I personally don't want that to be China. Not because I think they'd do a bunch of crazy things but because I think they'd slowly and methodically subvert other countries just like they're doing in the South China Sea.
While I agree 1000% we need to minimize the USA military, we also need a plan for other (UN) countries to contribute to a shared force or something similar that can police in place of the USA military. Even in turn policing the USA in cases of military overstepping.
EDIT: What I'm saying is this article points to a problem, but it's complex. I imagine with UN oversight a military force might actually be less of a polluter and we might slow down arms races as well.
China is trying to steal territory from the Philippines, they arguably don't have the power to fight China. Without allies in the USA they'd have no recourse.
If every country was equal I'd agree with you, but they aren't, so we need protections for the smaller countries out there that get rolled over by the big countries.
Edit: Ideally we wouldn't need a police force, and I don't use Police force to mean what the US is doing in the middle east.
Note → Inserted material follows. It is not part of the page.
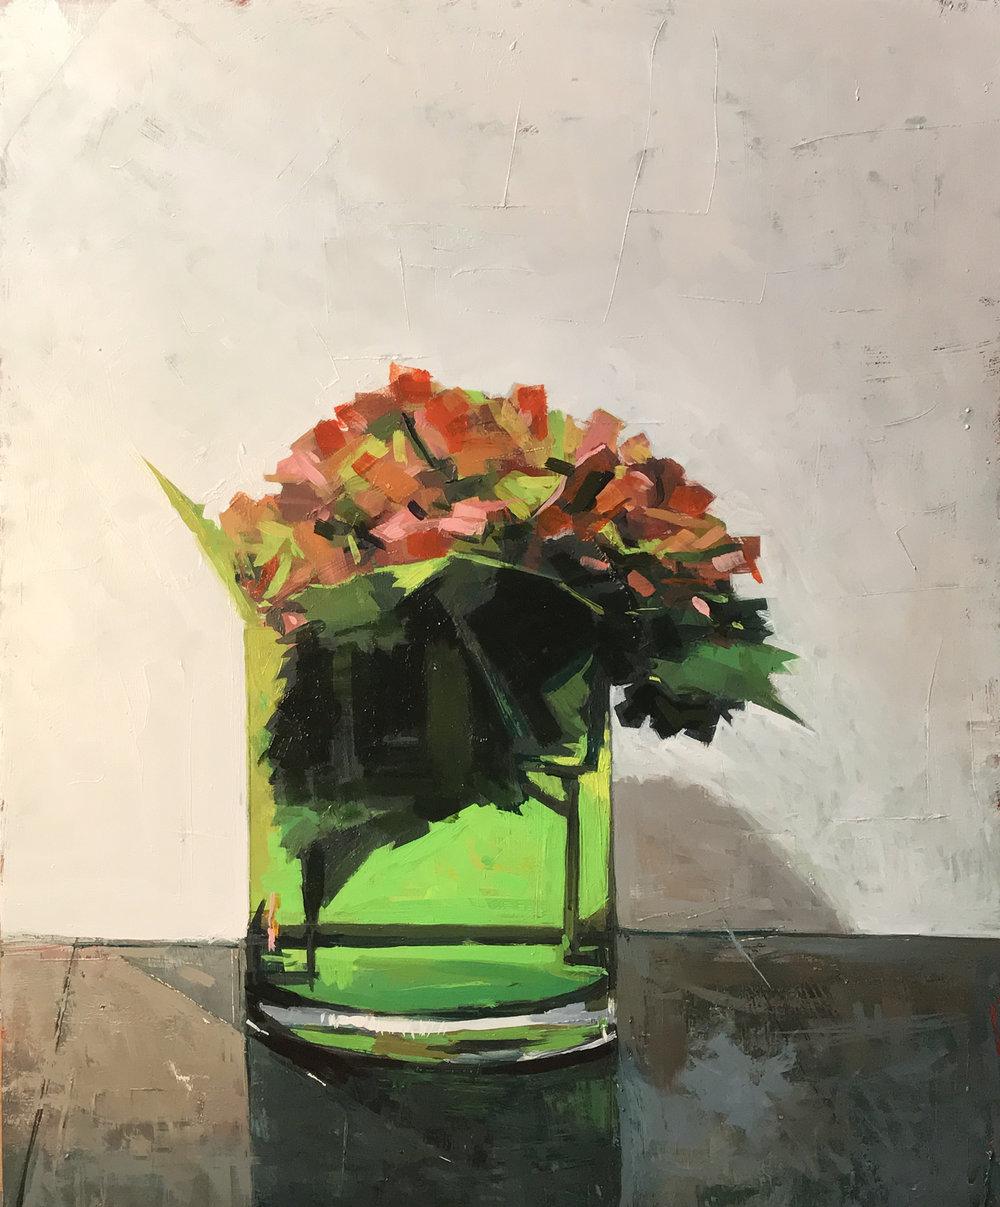 Green_Vase_Flower.jpg

I'm all about anti-interventionist policies. But I also don't want to see big governments roll over smaller ones, I think the UN is a good counter to that.
This is what I meant by South China Sea. https://www.google.com/url?sa=t&rct=j&q=&esrc=s&source=web&c... Hopefully that link resolves correclty.
Also, it's a bit unfair to say "US Military" as if it is a single unified organization. I would bet the US Navy specifically is the biggest offender.
I bet "US Military" is smaller than "China Factories" though.
"U.S. military action there has resulted in the desertification of 90 percent of Iraqi territory, crippling the country's agricultural industry and forcing it to import more than 80 percent of its food"
I can't find any citations in the source - most of the places I am looking talk about the destruction of irrigation systems at the hand of the Iraqi state. So at best the military is only partly responsible.
* The uranium mines mentioned belonged to the DOE.
* The link purportedly explaining why we caused desertification in Iraq carries no sources explaining this, other than a vague mention of US military policies (which in most cases are civilian political policies).
* The article in language is saying the military is currently the worlds biggest polluter, while mostly touching on issues from the cold war, before there were environmental rules of note.
This doesn't even touch on the absolute environmental devastation that the Soviet system left too.
In General the Military-Industrial complex is dirty, and left in its wake over the 40 years of the cold war, an environmental mess than will take 80 years to clean up, but that doesn't make any military currently the worlds largest anything, except possibly a waste of money.
https://www.nrdc.org/experts/christian-stirling-haig/budget-...
https://www.energydigital.com/renewable-energy/us-military-w...
https://www.greentechmedia.com/articles/read/for-the-u-s-mil...
I'm not saying there isn't a long way to go, but they're definitely aware of the problem.